Amitav Ghosh's Experimentation With Historiographic Metafiction, Languages And Dialects In Ethics And Ideology

Main Article Content

Garima Diwan, Dr. M. S. Mishra

Abstract

Amitav Ghosh's Ibis Trilogy at a glance is no doubt a historical fictional work that reinvents the murky opium trade flanked by British India and China which concludeshooked onthefull-blown war amongst England and China.The postmodernism is an eon of rebellion which demands for vicissitudes in every walk of life with all disciplines of knowledge, experience such as philosophy, literature, and science.
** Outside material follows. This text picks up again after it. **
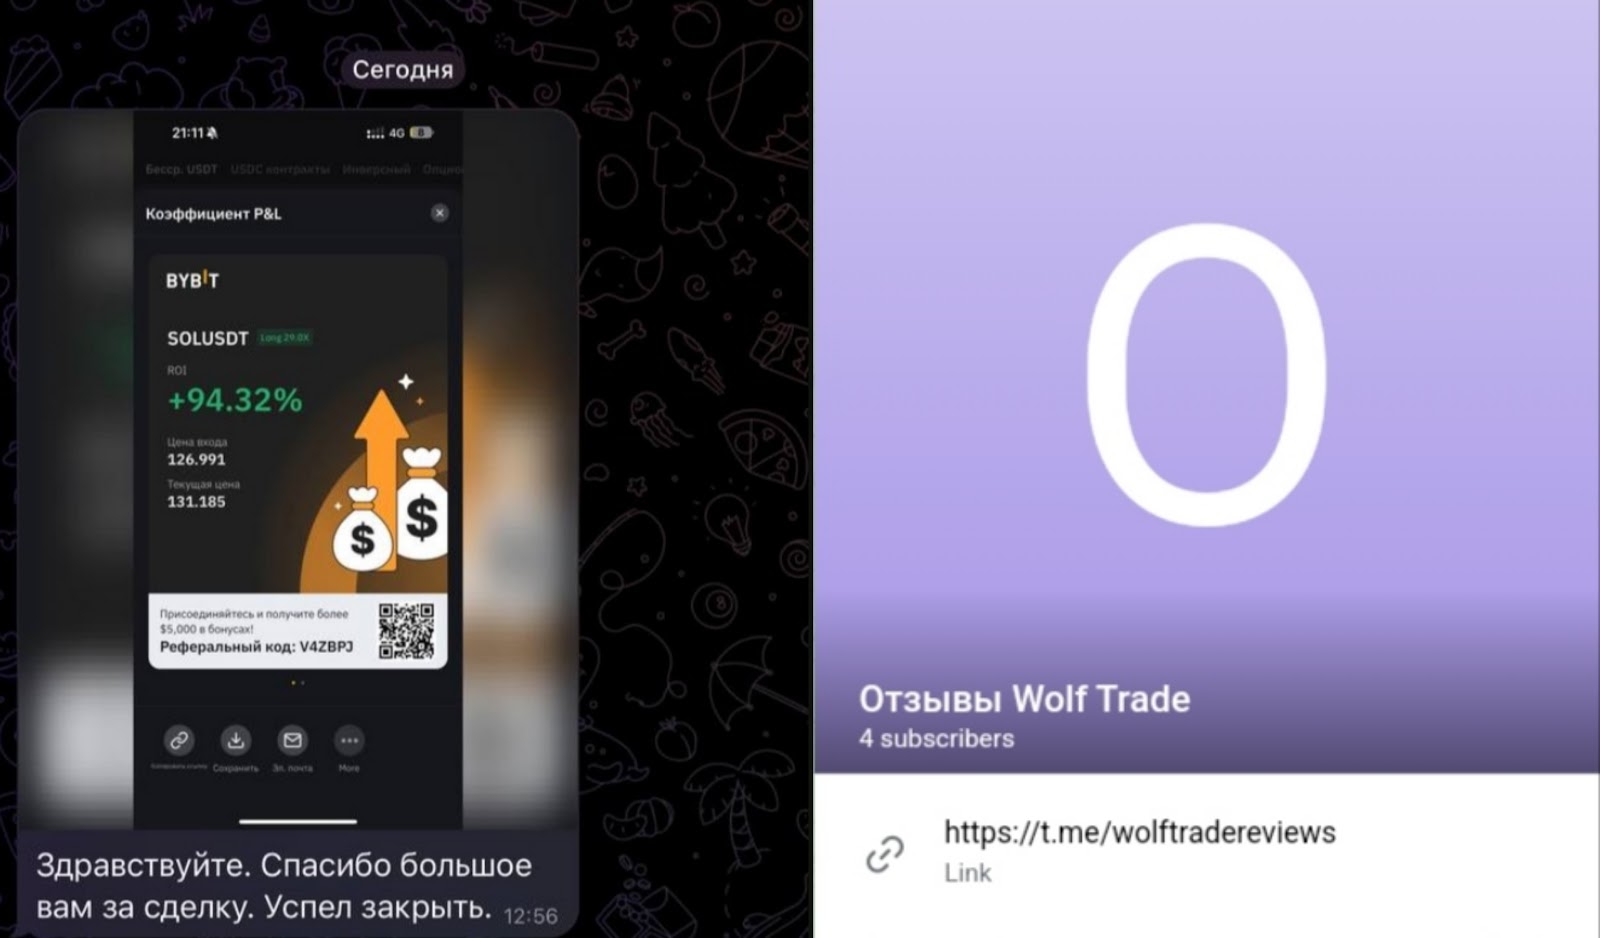 Wolf Trade

The Postmodernism not only castoffs modernism but also amends and overlaps modernism.Nevertheless, the three novelsthe shadow lines, glasspalace, an antique land, Sea of Poppies, River of Smoke and Flood of Fire likewisesocial, commercial, explores political and linguistic intricacies of postmodernism or early colonial period. The Historiographic metafiction is paradoxical term that entails of two diverse genres of metafiction and history. Henceforth, historiographic metafiction is termed double self-reflexive for the reason that the historiographic metafictional writings imitate their own realistic over and above fictional status. These categories of writings realize readers that they are relishing realistic and fictional texts. This paper steadily analyses the confirmations of the emphasizes the historiographic metafictional and also historiographic metafiction features as imbedded in novels of Amitav Ghosh. Ghosh’snovels such as The Glass Palace and In An Antique Land are only recreation of history with some fictional background, characters and their stories. This article observes how Dr Amitav Ghosh throughout over-1600 pages of his abundant acclaimed trilogy investigated with at best 23 other languages and dialects, at backdrop of vast seascape of the Indian Ocean all over from Cape Town to Hong Kong Opium War amongst the British Empire and China in1839.